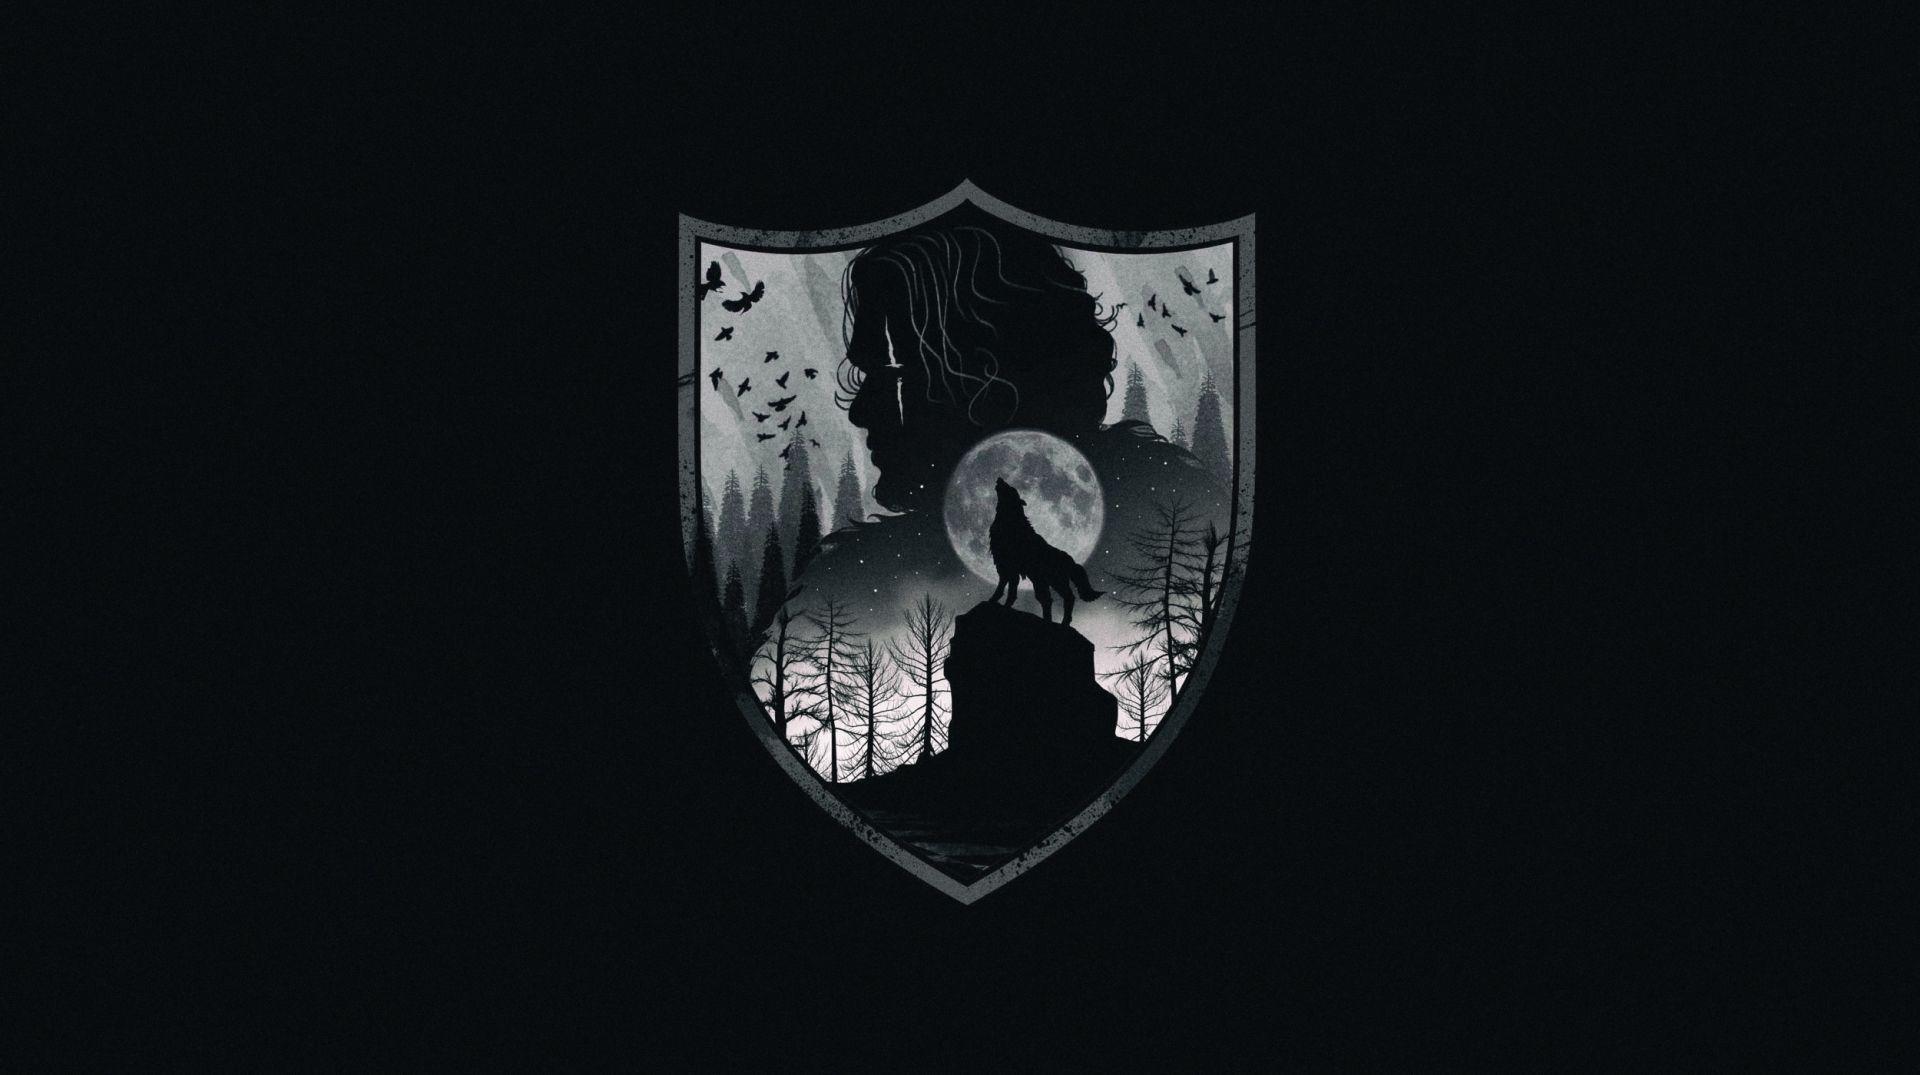 Game of Thrones shield illustration minimalist
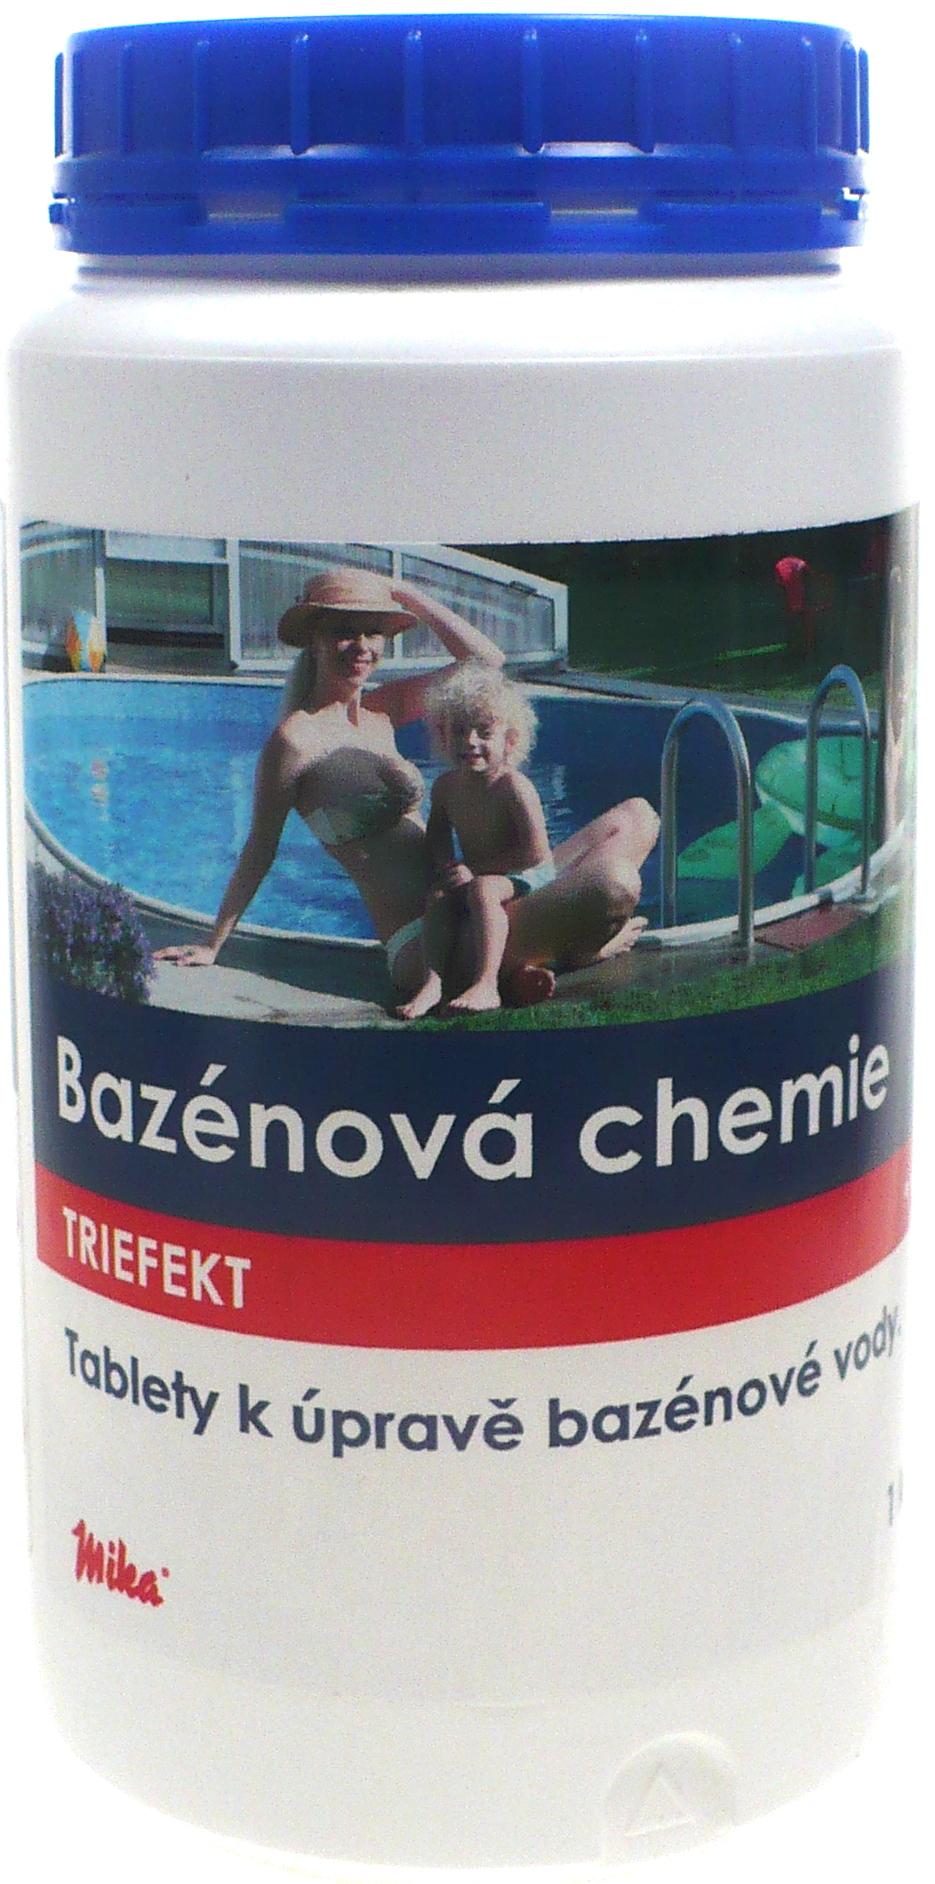 Fotografie Mika Bazénová chemie Triefekt tablety k úpravě bazénové vody 1 kg
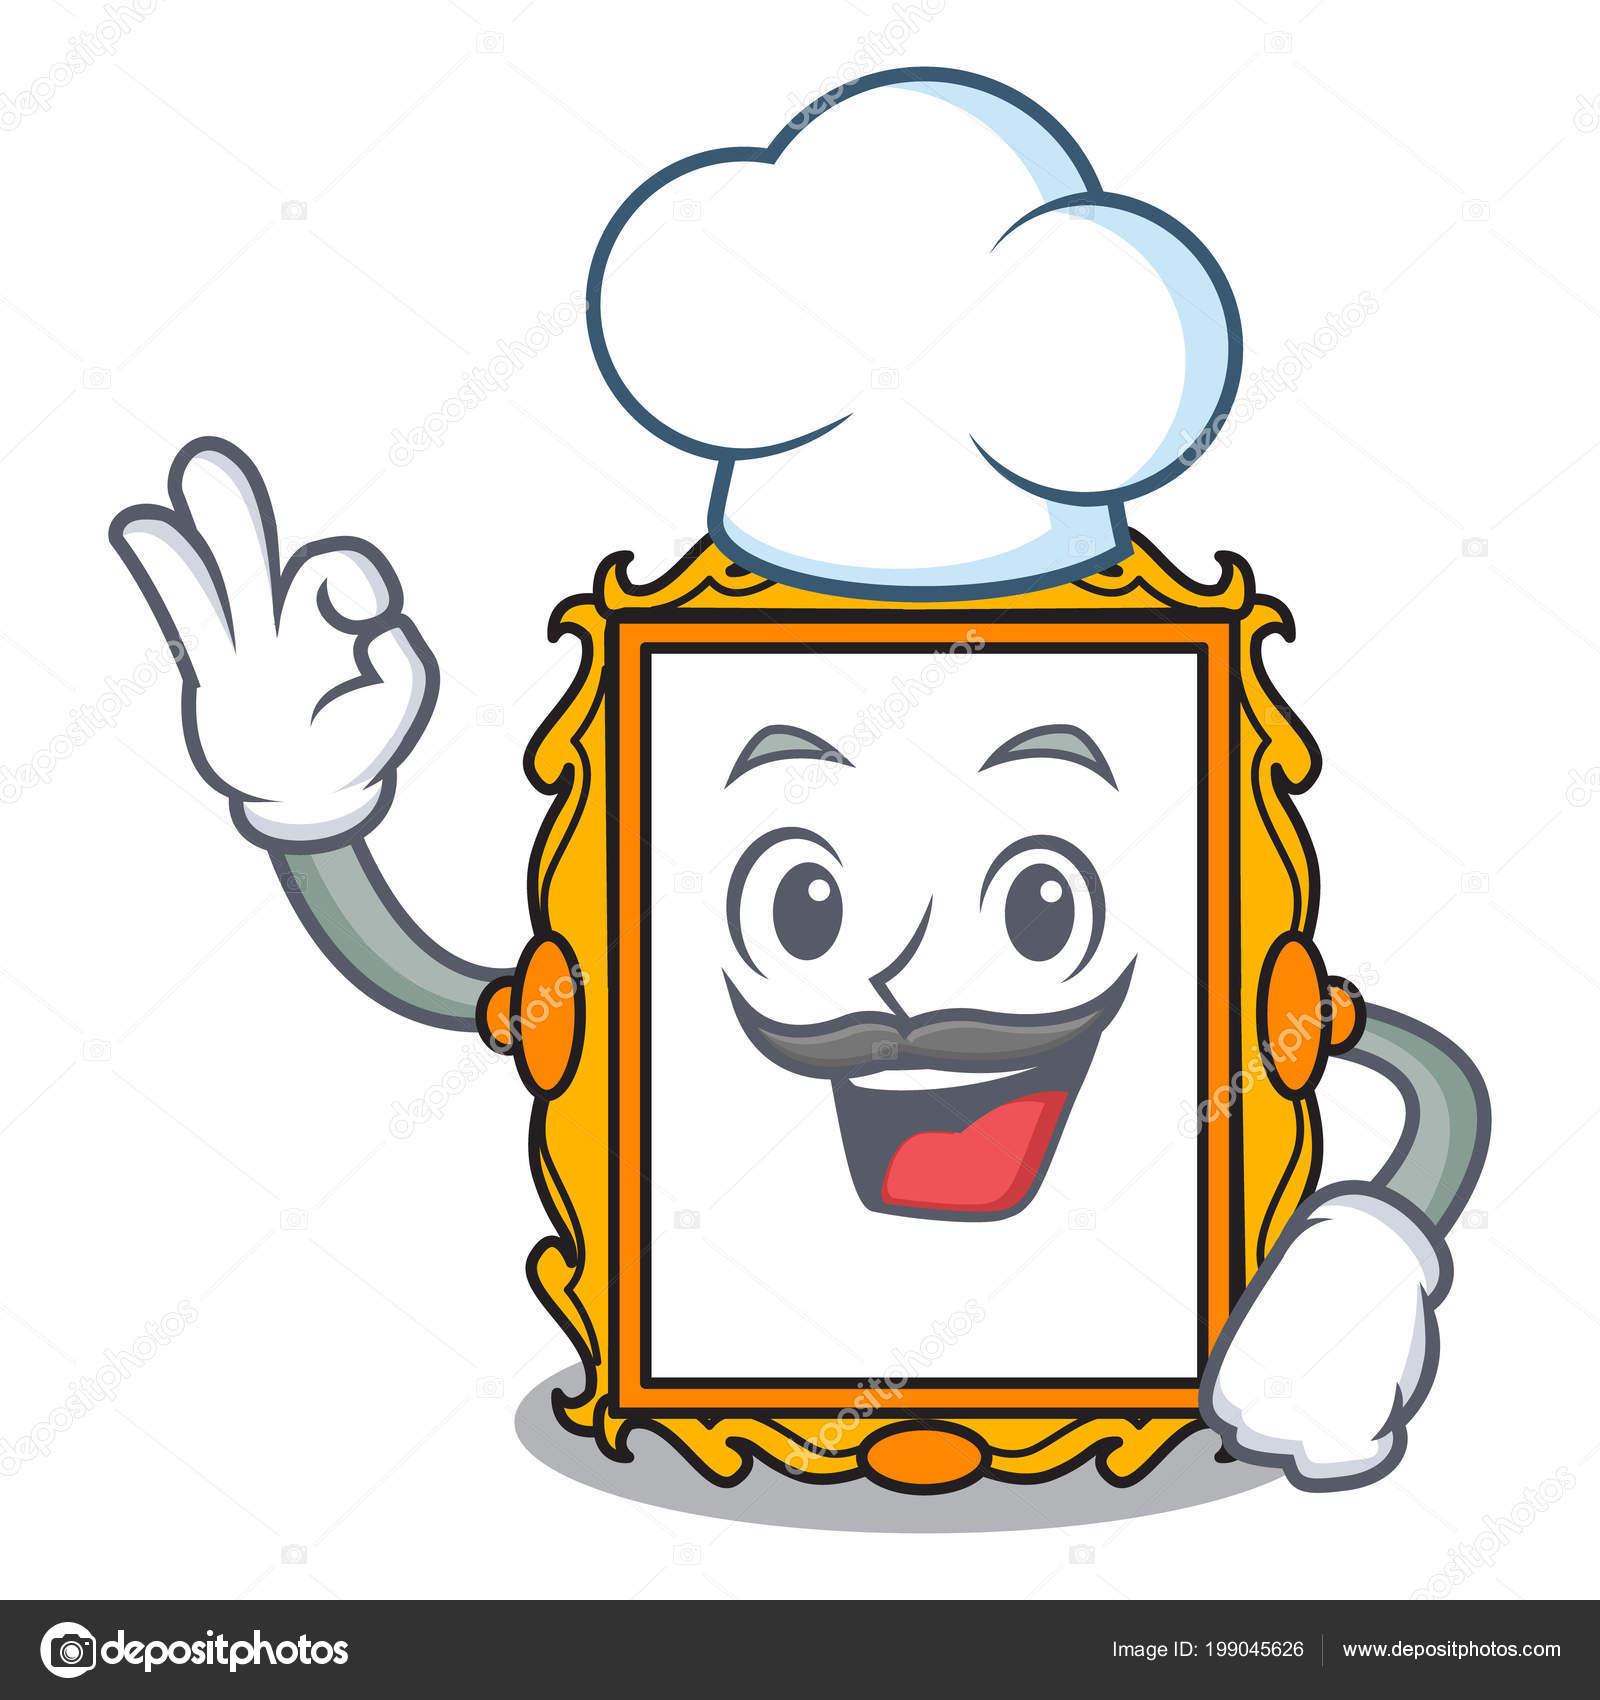 Ilustración Vector Dibujos Animados Chef Cuadro Marco Carácter ...
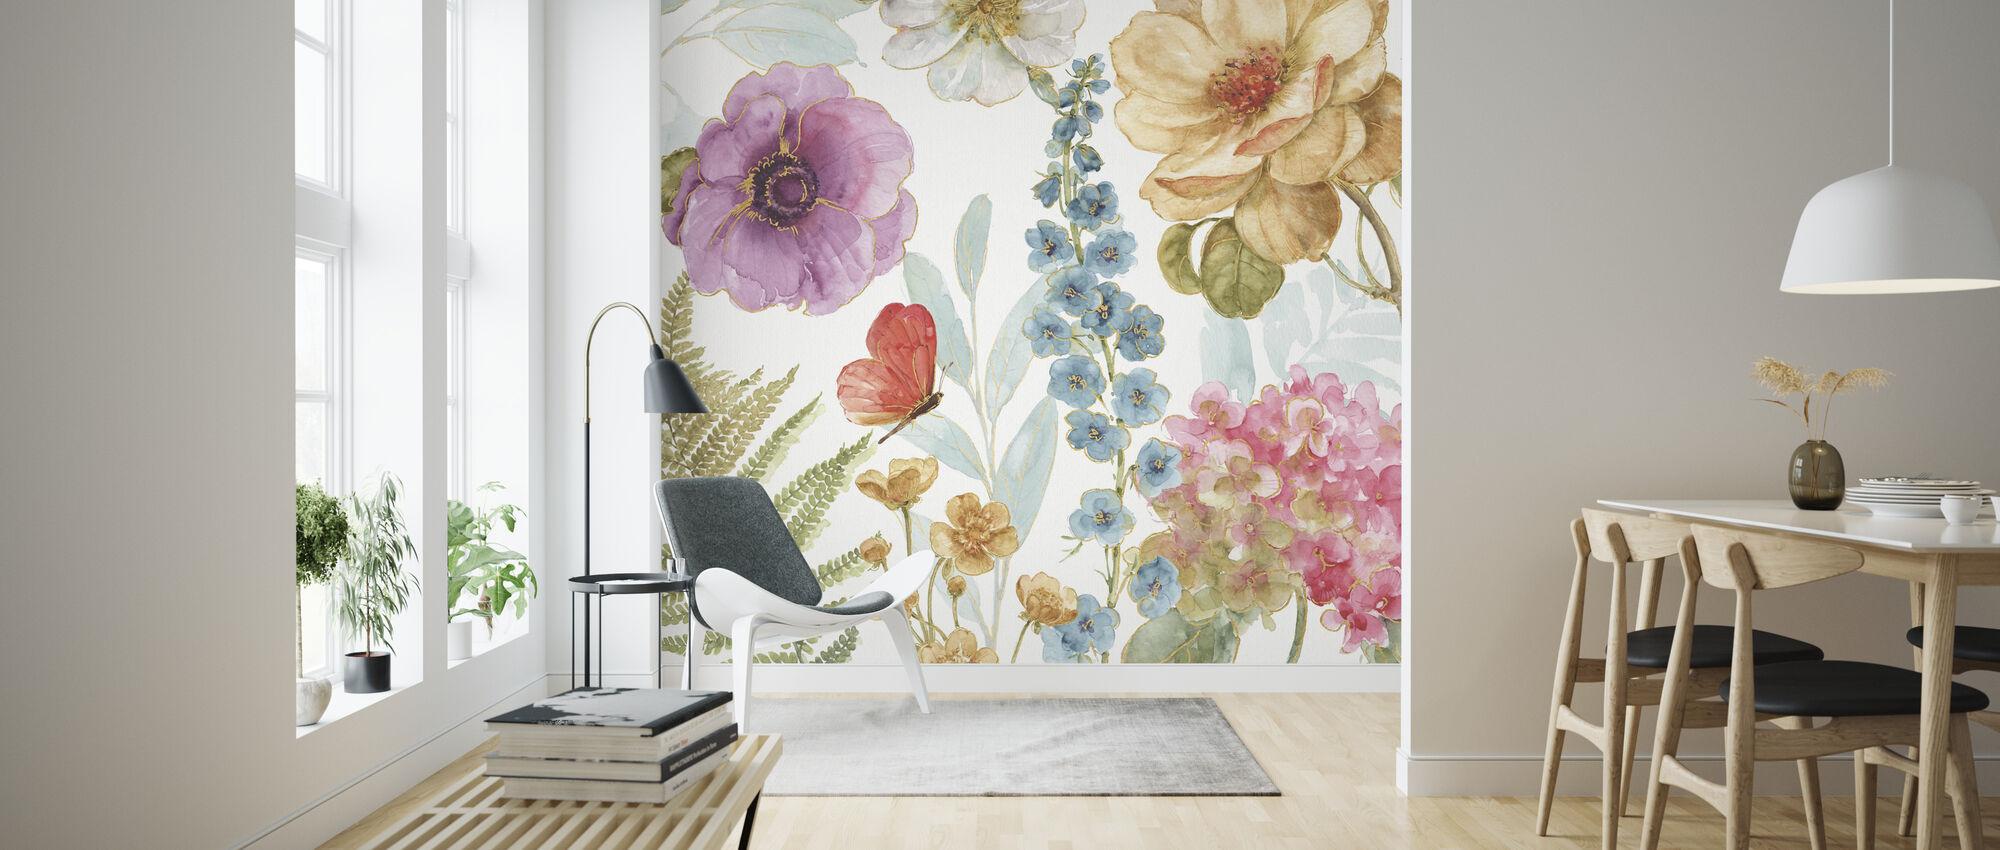 Rainbow Seeds Flowers 3 - Wallpaper - Living Room
• • •
* _WHAT TO PRODUCE_
Copy each line of the material above exactly, but not the images.

* _EXPECTED OUTPUT_
 Game of Thrones shield illustration minimalist
 Fotografie Mika Bazénová chemie Triefekt tablety k úpravě bazénové vody 1 kg
 Ilustración Vector Dibujos Animados Chef Cuadro Marco Carácter ...
 Rainbow Seeds Flowers 3 - Wallpaper - Living Room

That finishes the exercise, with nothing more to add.